> Exercise material
((
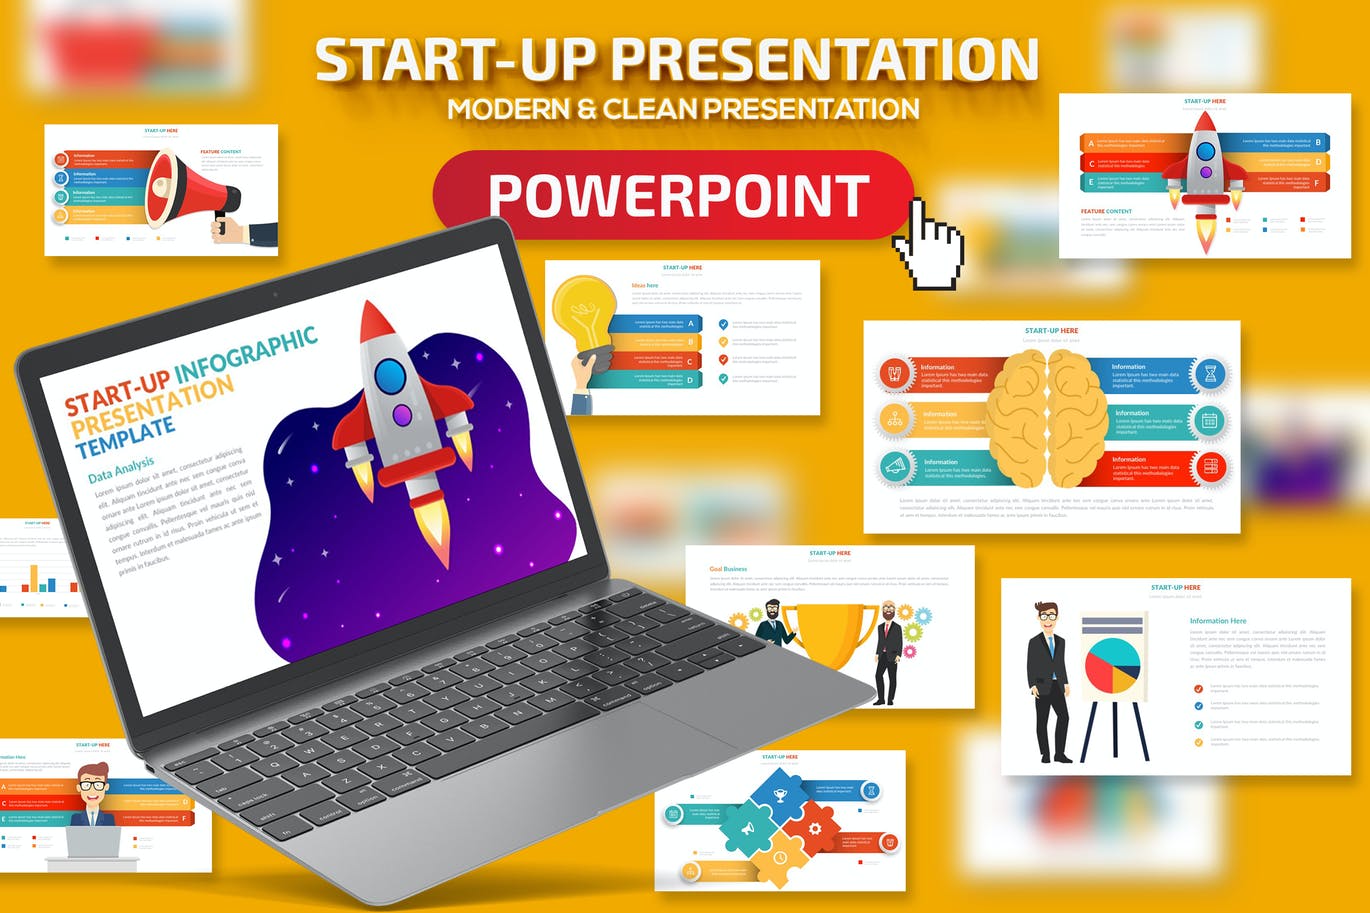 Start-up PowerPoint Presentation
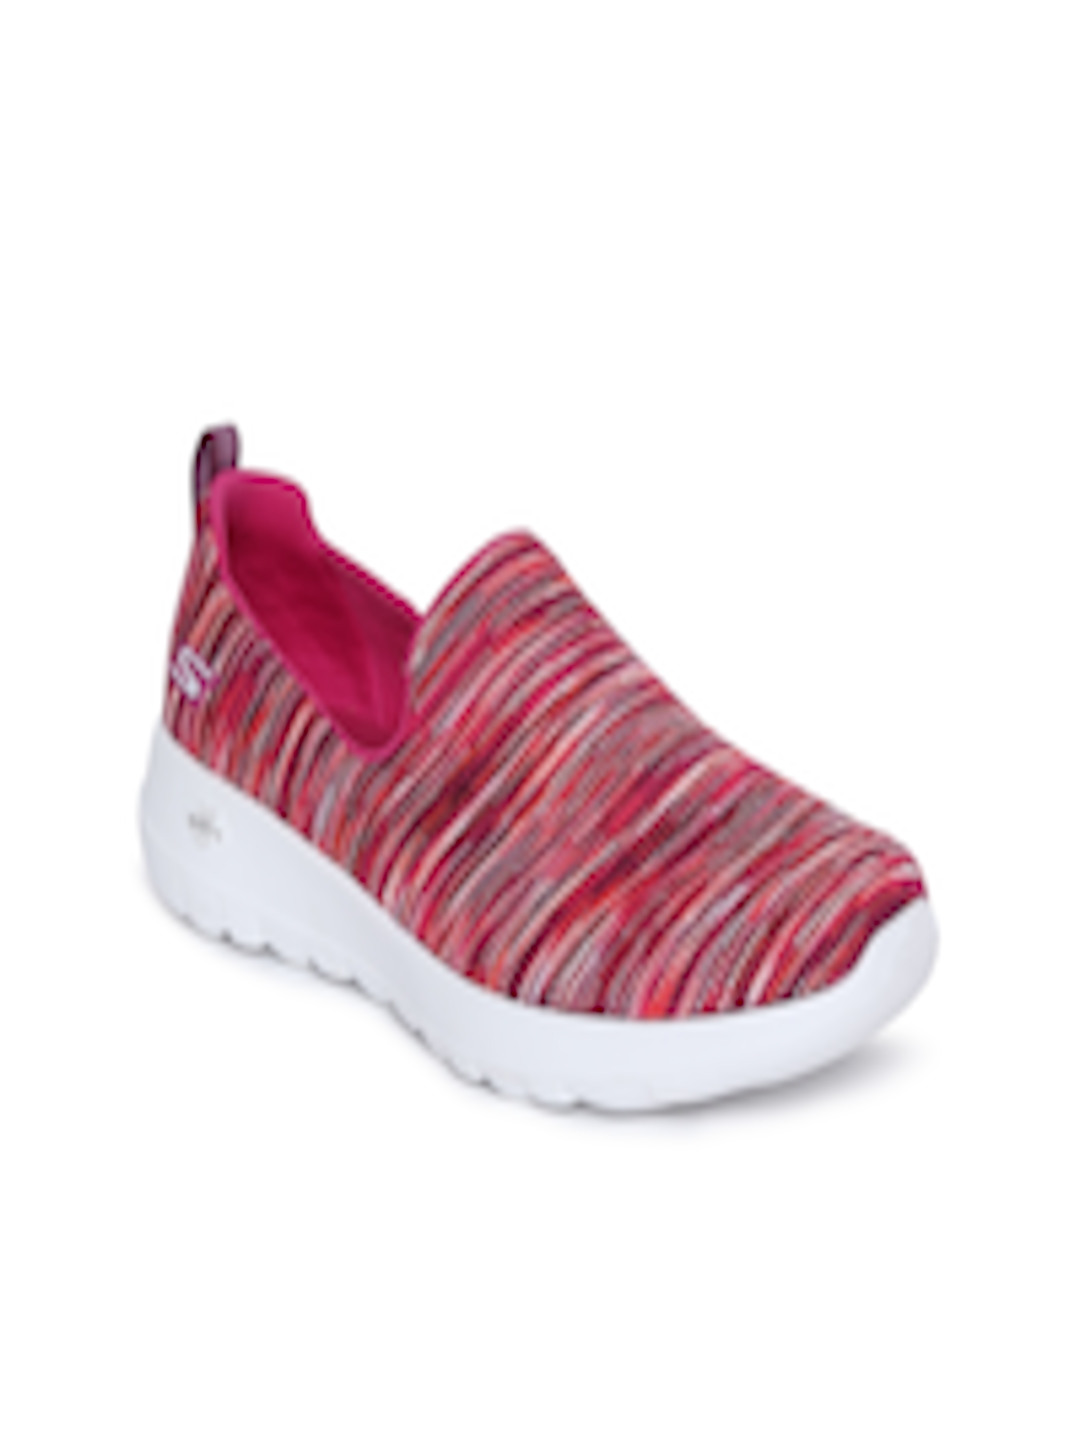 Buy Skechers Women Pink GO WALK JOY TERRIFIC Walking Shoes - Sports ...
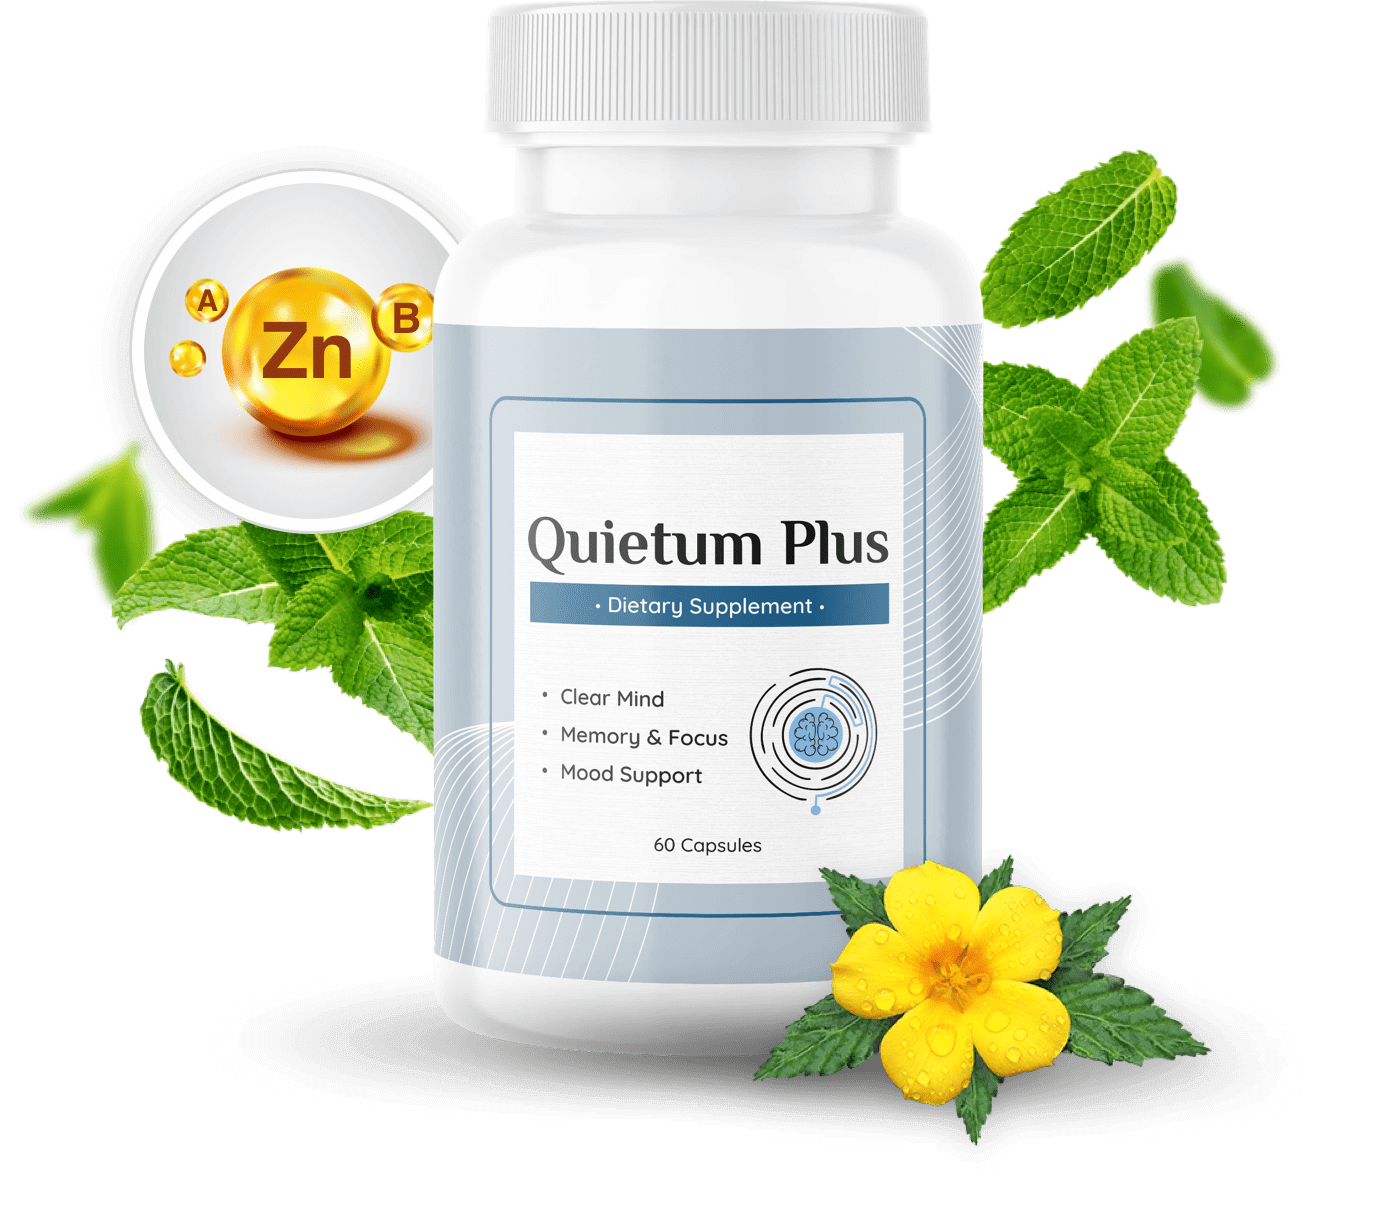 Natural Ingredients Used in Quietum Plus Supplement
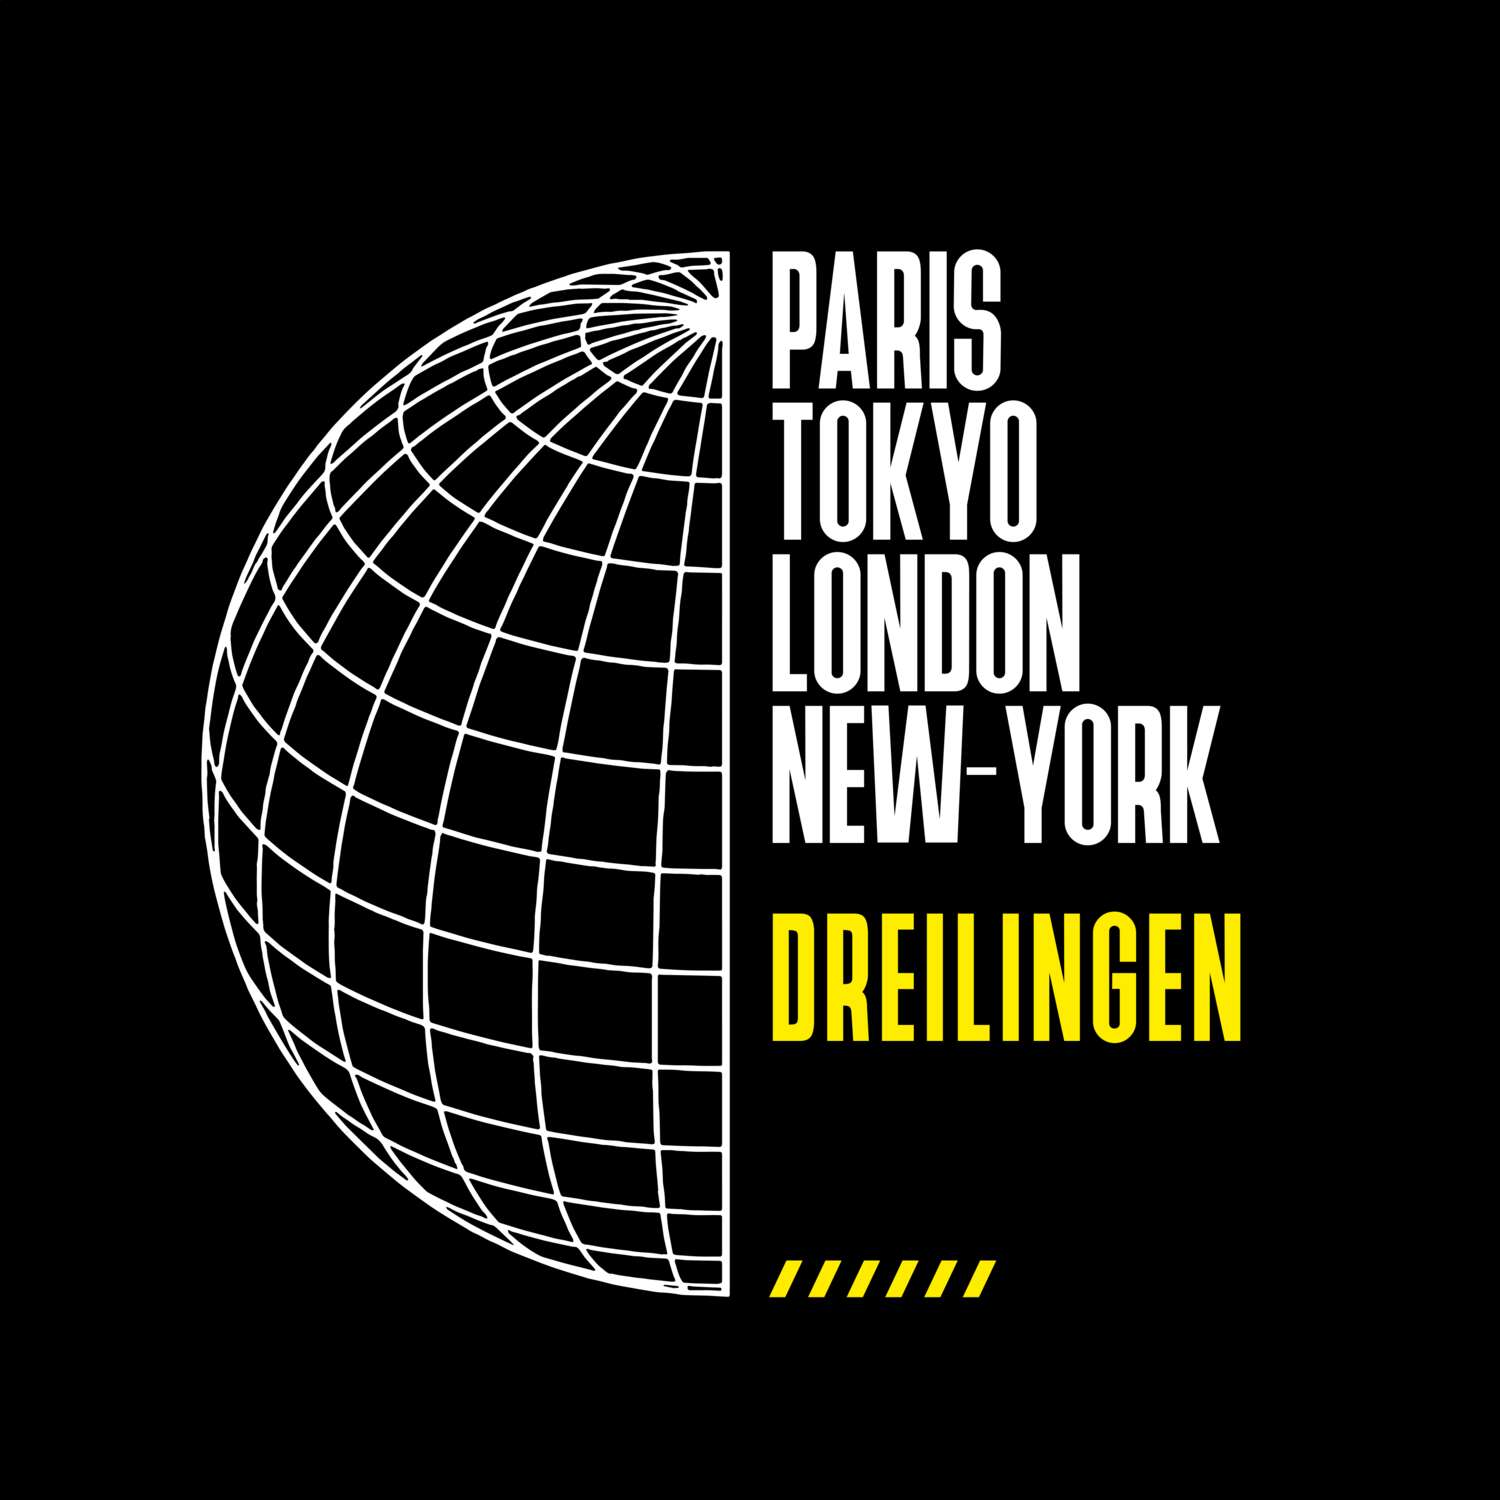 Dreilingen T-Shirt »Paris Tokyo London«
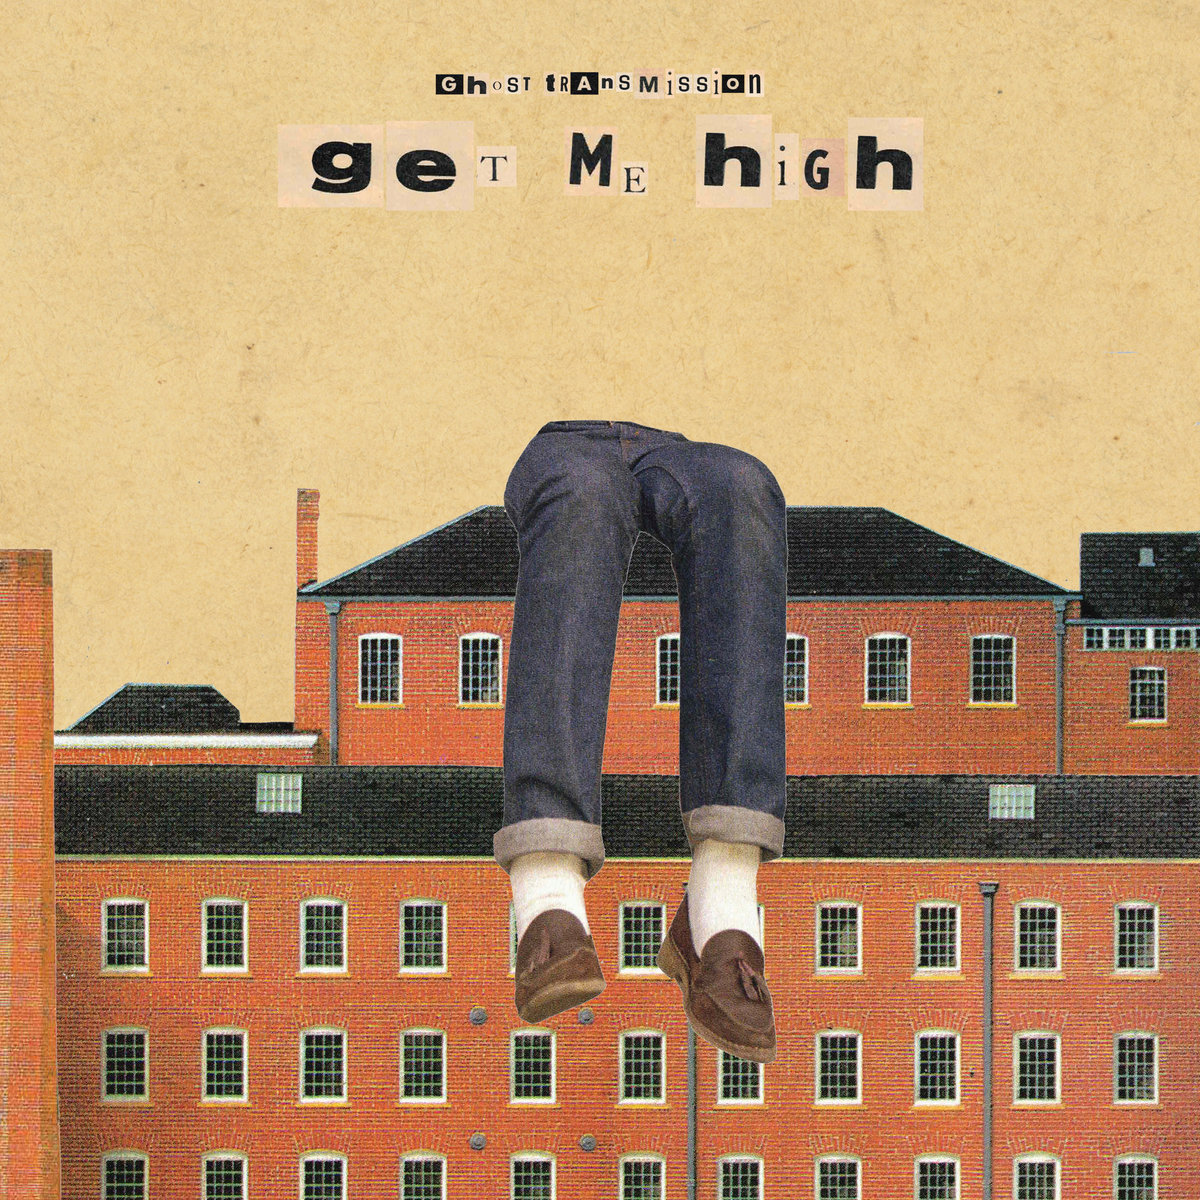 Ghost Transmission "Get me high" LP
))
> What the exercise asks
Word for word, print out all of the records above; pass over the pictures.

> Solution for this problem
 Start-up PowerPoint Presentation
 Buy Skechers Women Pink GO WALK JOY TERRIFIC Walking Shoes - Sports ...
 Natural Ingredients Used in Quietum Plus Supplement
 Dreilingen T-Shirt »Paris Tokyo London«
 Ghost Transmission "Get me high" LP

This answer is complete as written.